-- Data block follows --

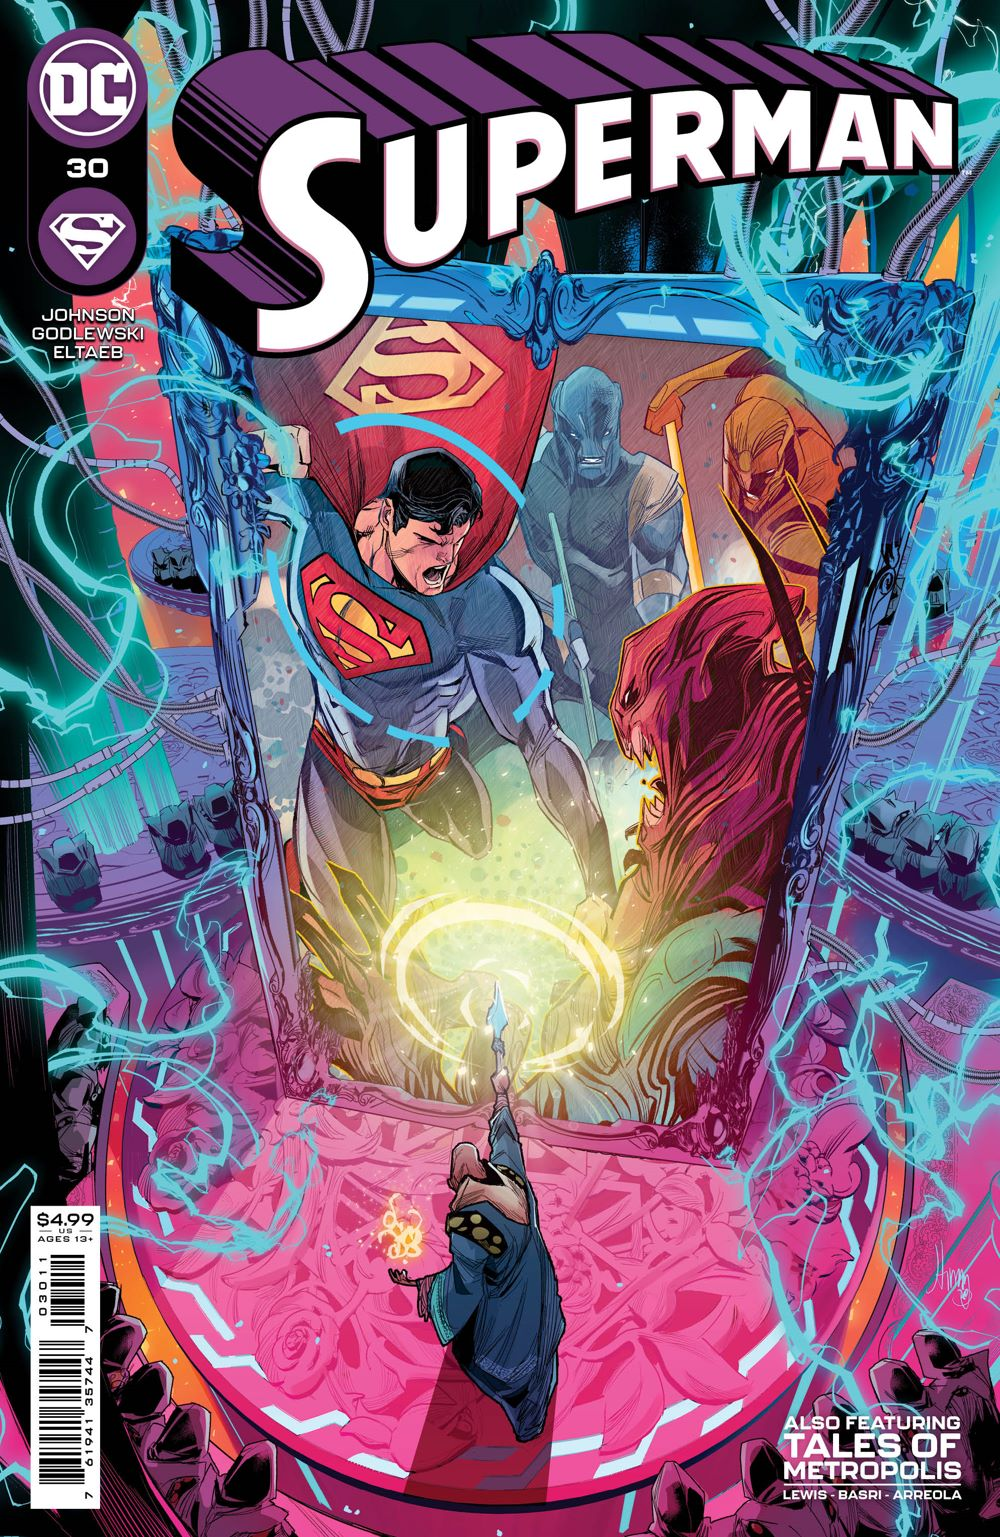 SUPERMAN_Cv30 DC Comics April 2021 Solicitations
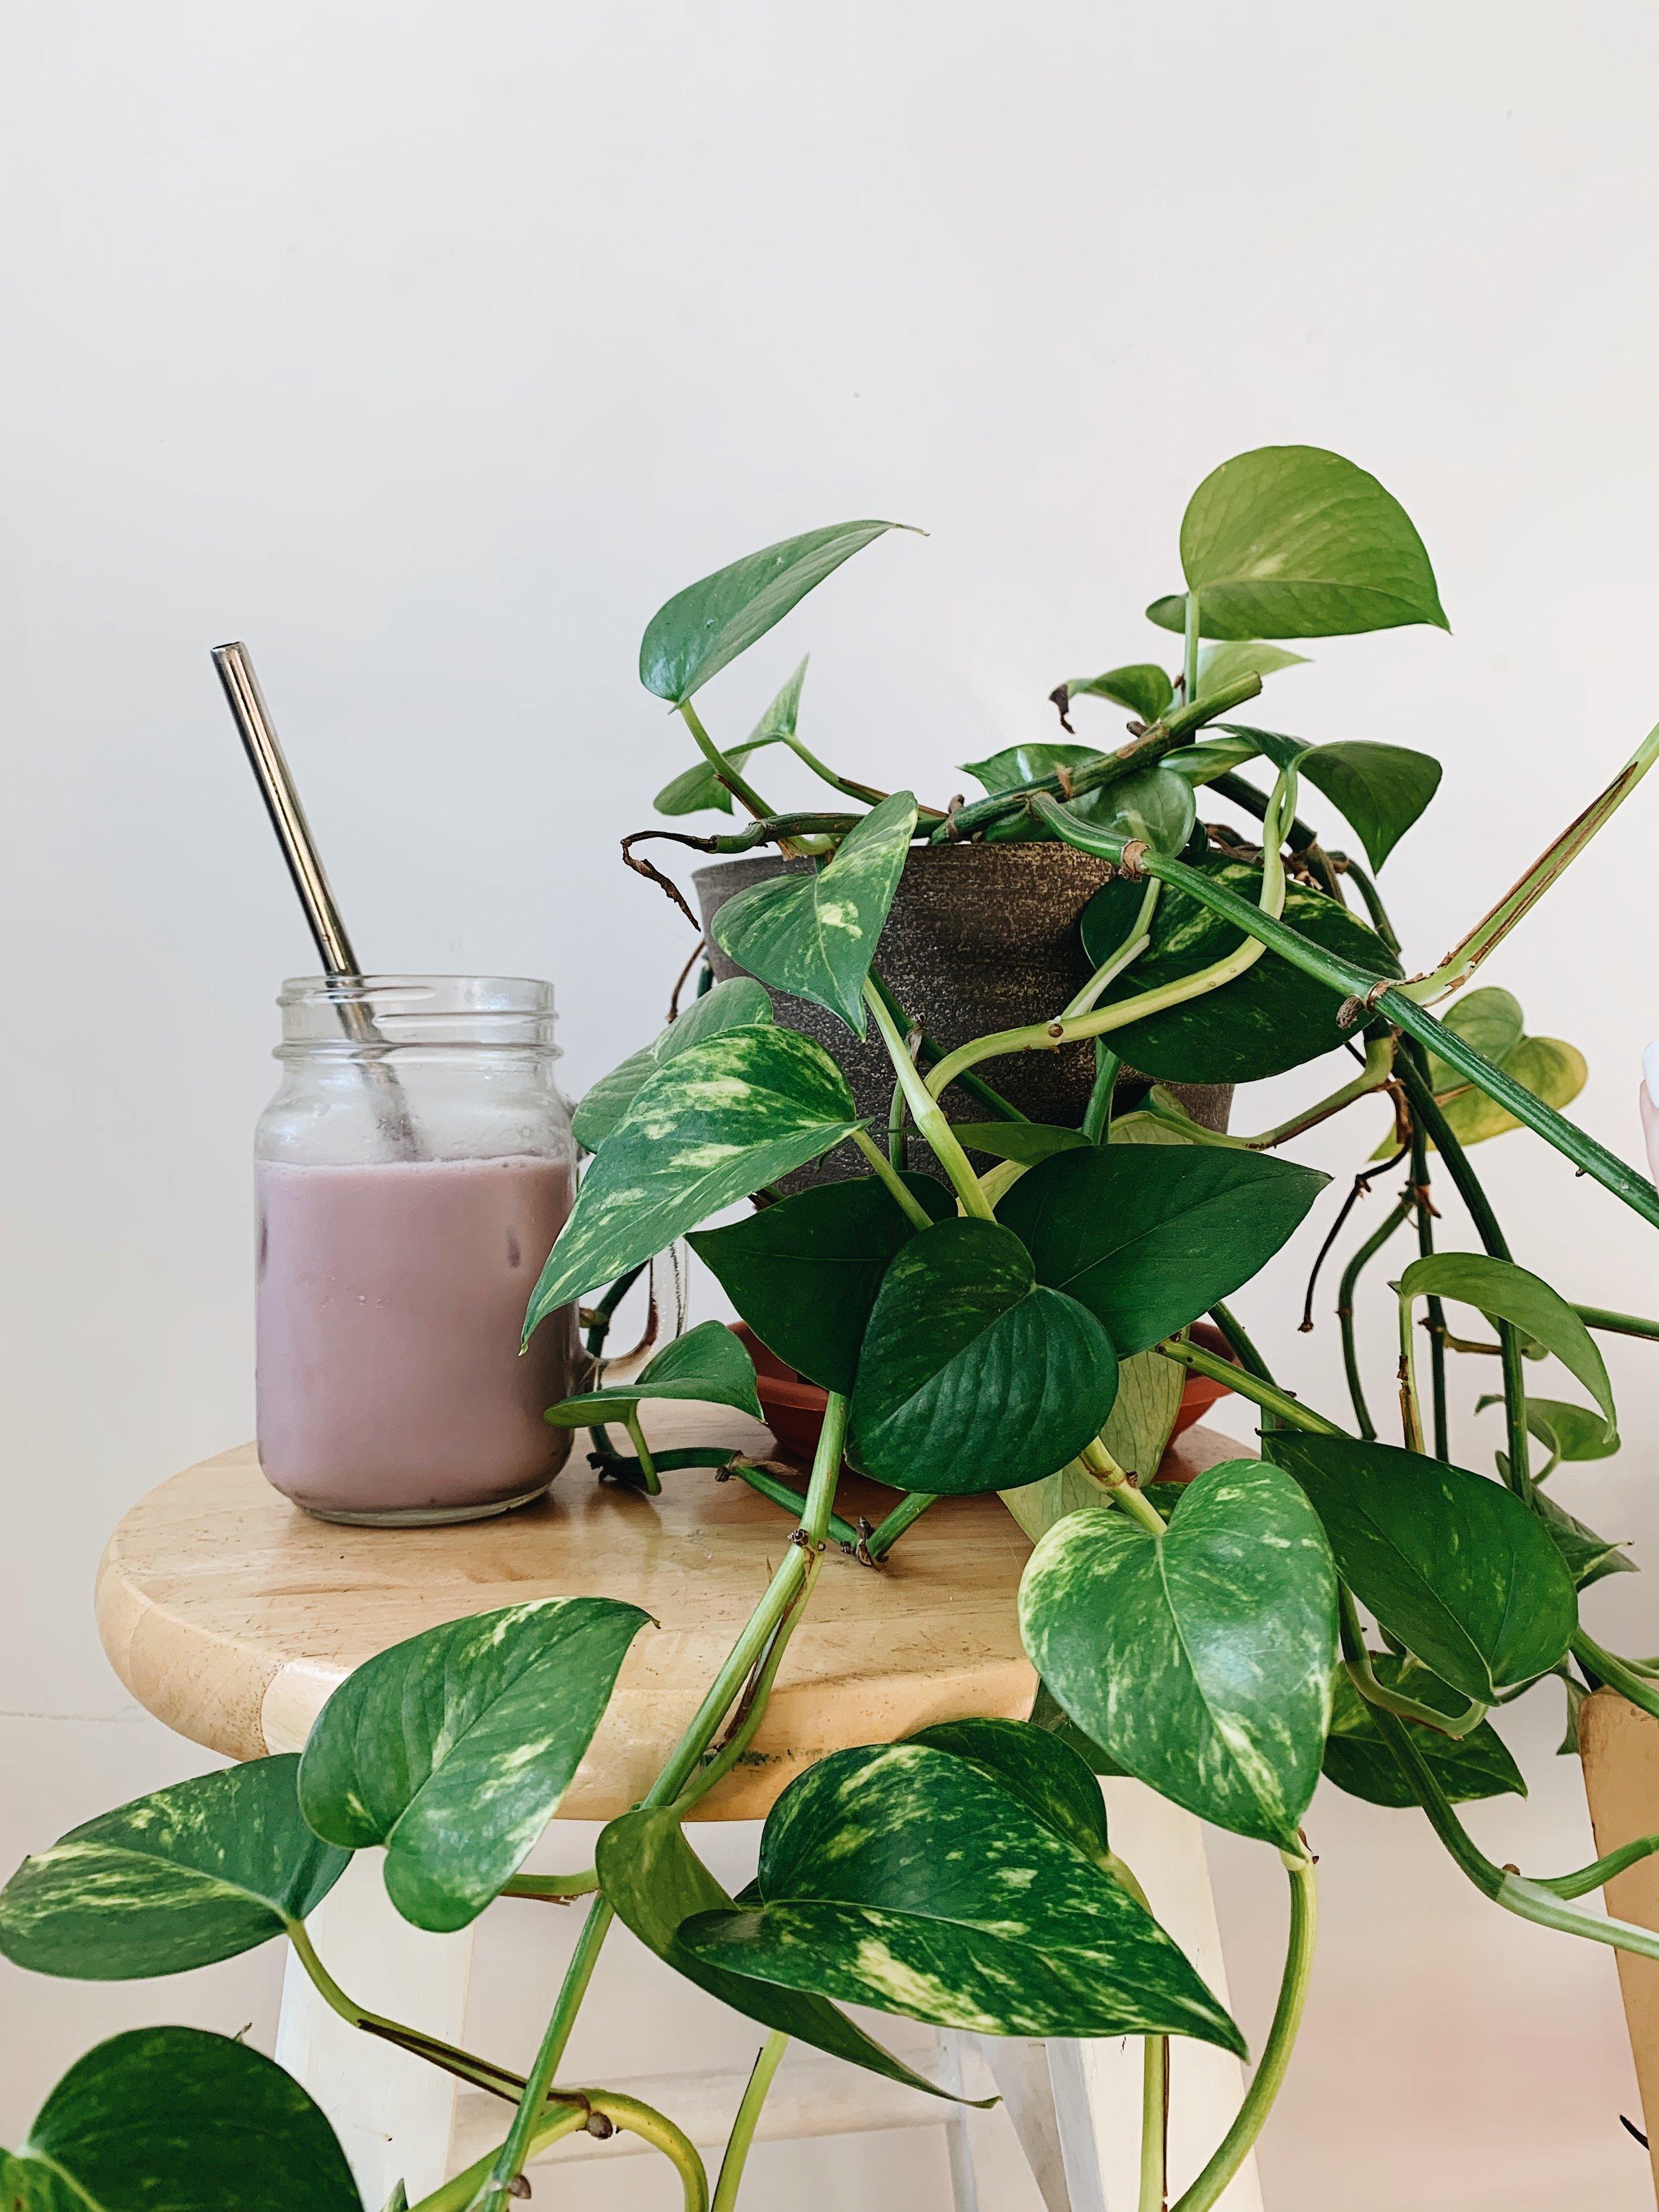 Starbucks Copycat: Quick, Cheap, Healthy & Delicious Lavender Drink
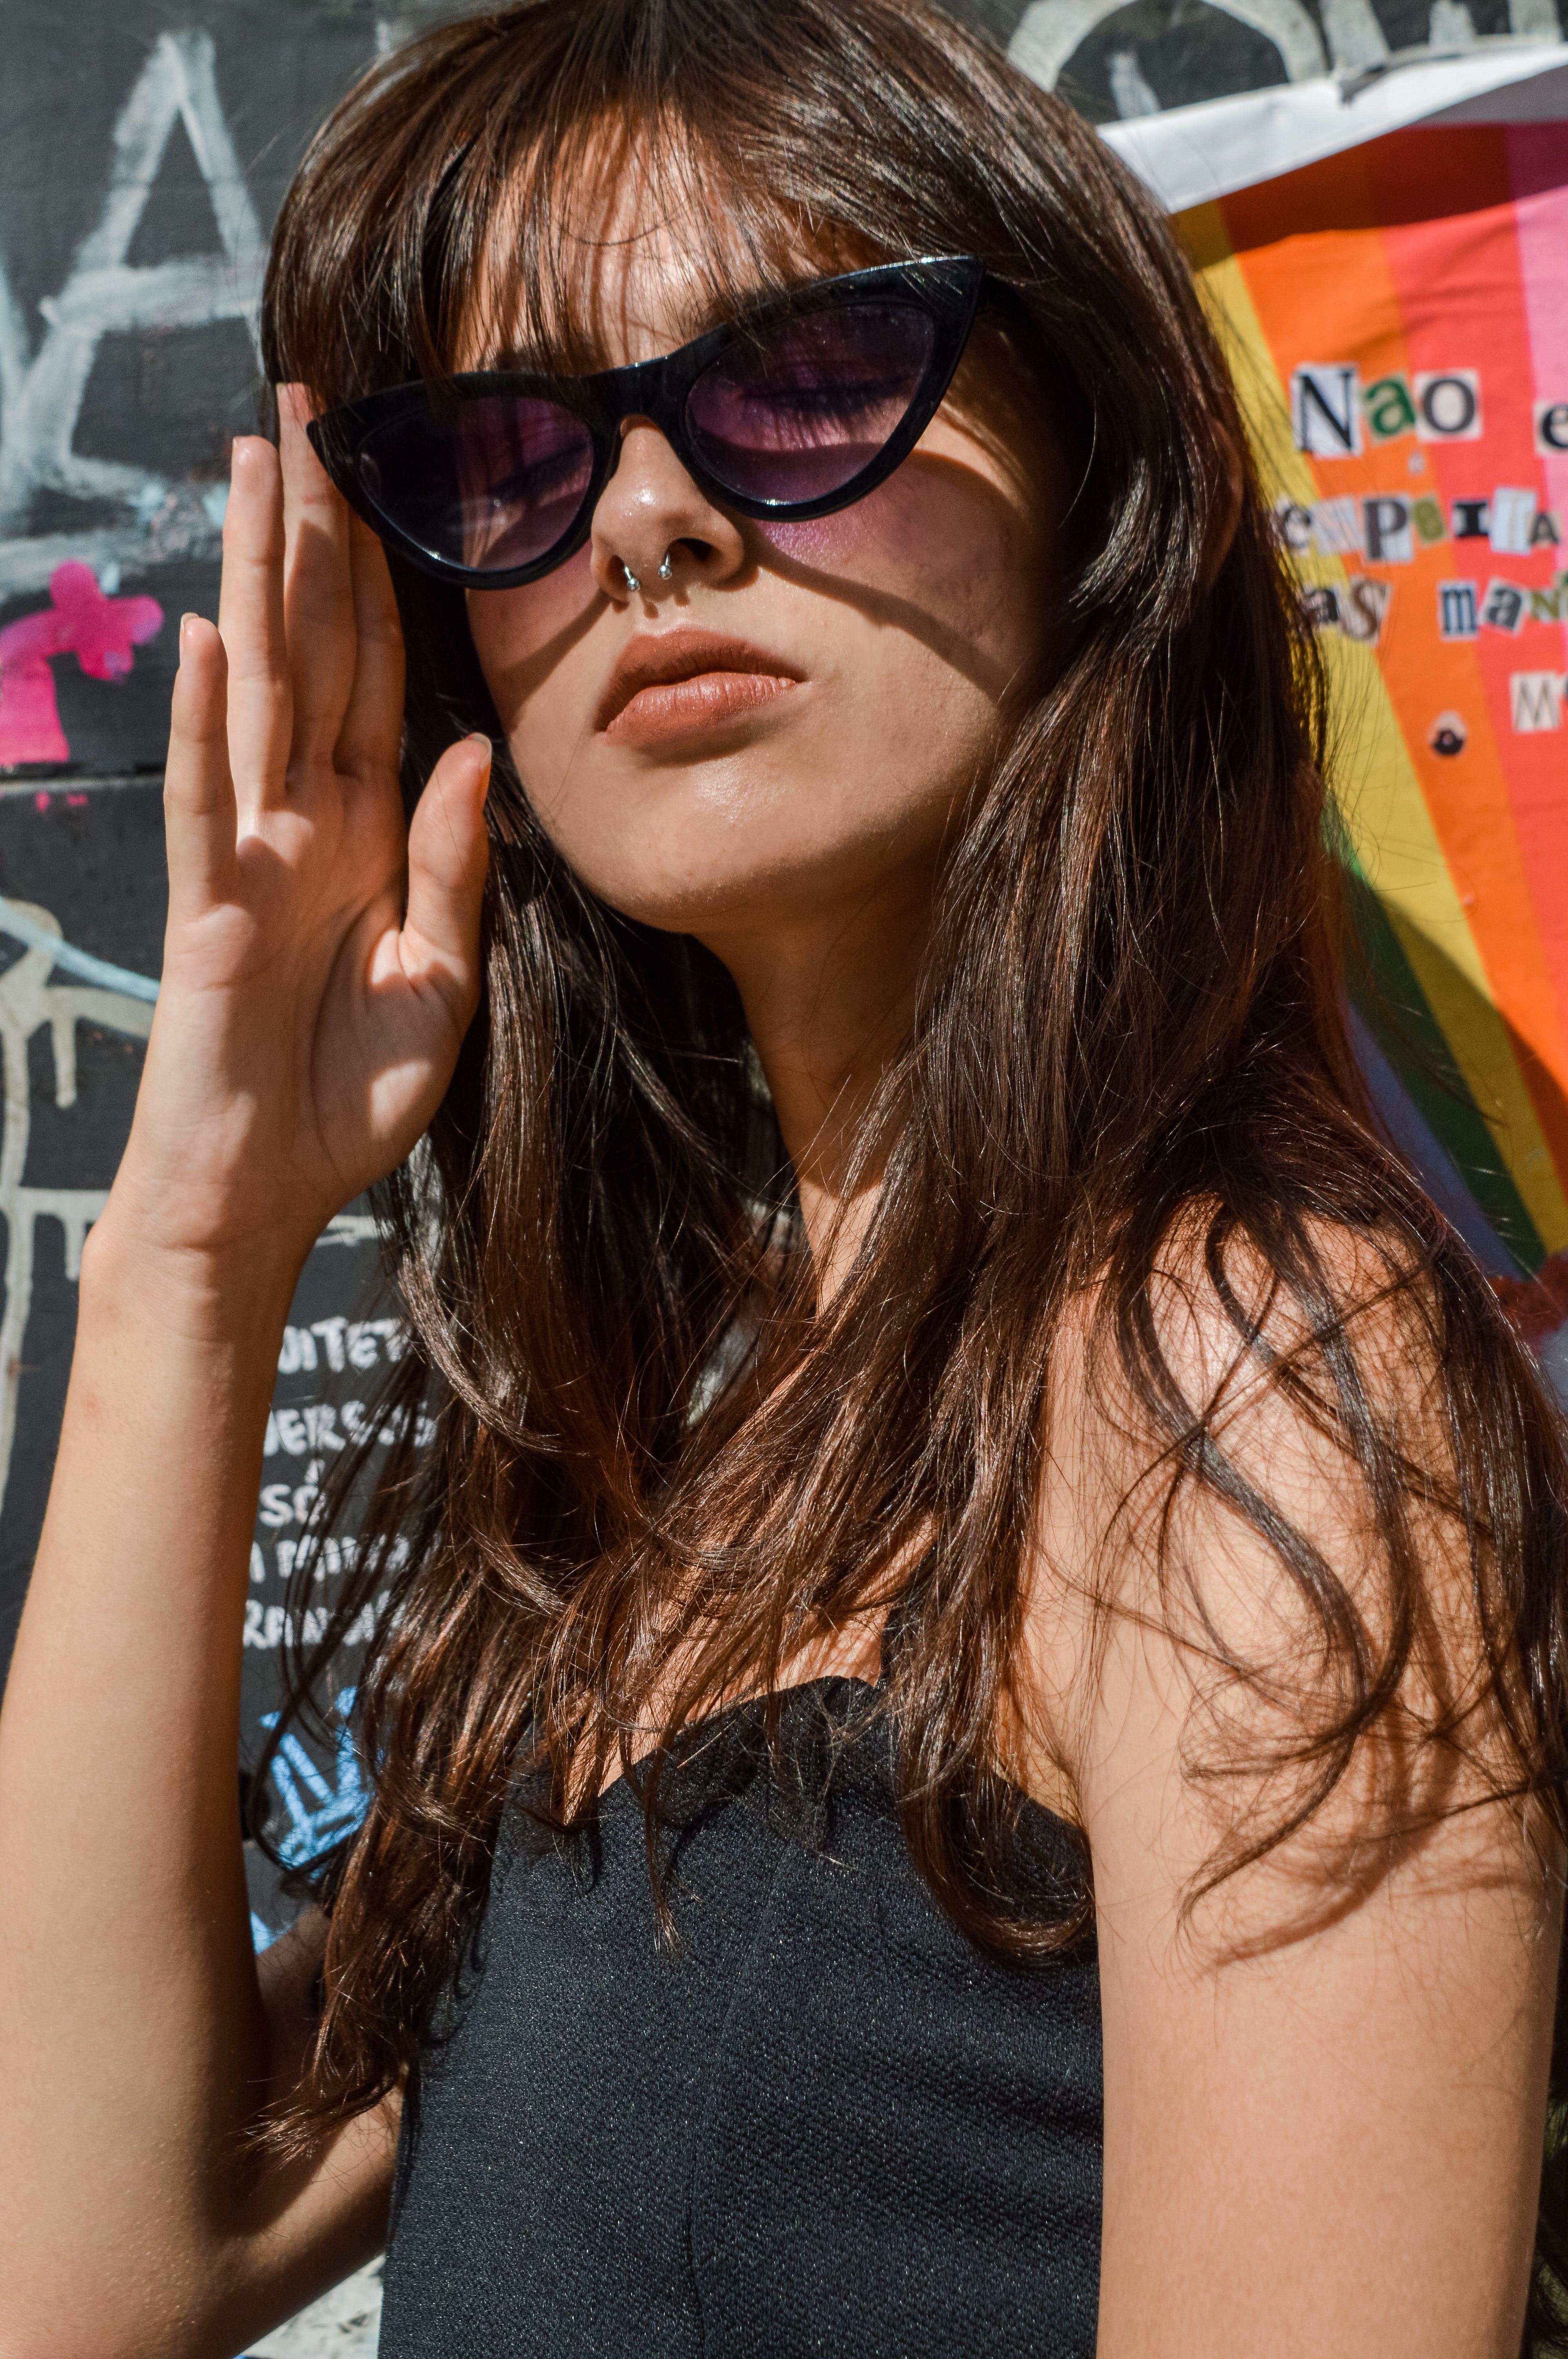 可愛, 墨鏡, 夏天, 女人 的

-- Data block concluded --

Task details.
Exclude the pictures and give back the rest of the data above exactly as written.

Solved exercise.
 SUPERMAN_Cv30 DC Comics April 2021 Solicitations
 Starbucks Copycat: Quick, Cheap, Healthy & Delicious Lavender Drink
 可愛, 墨鏡, 夏天, 女人 的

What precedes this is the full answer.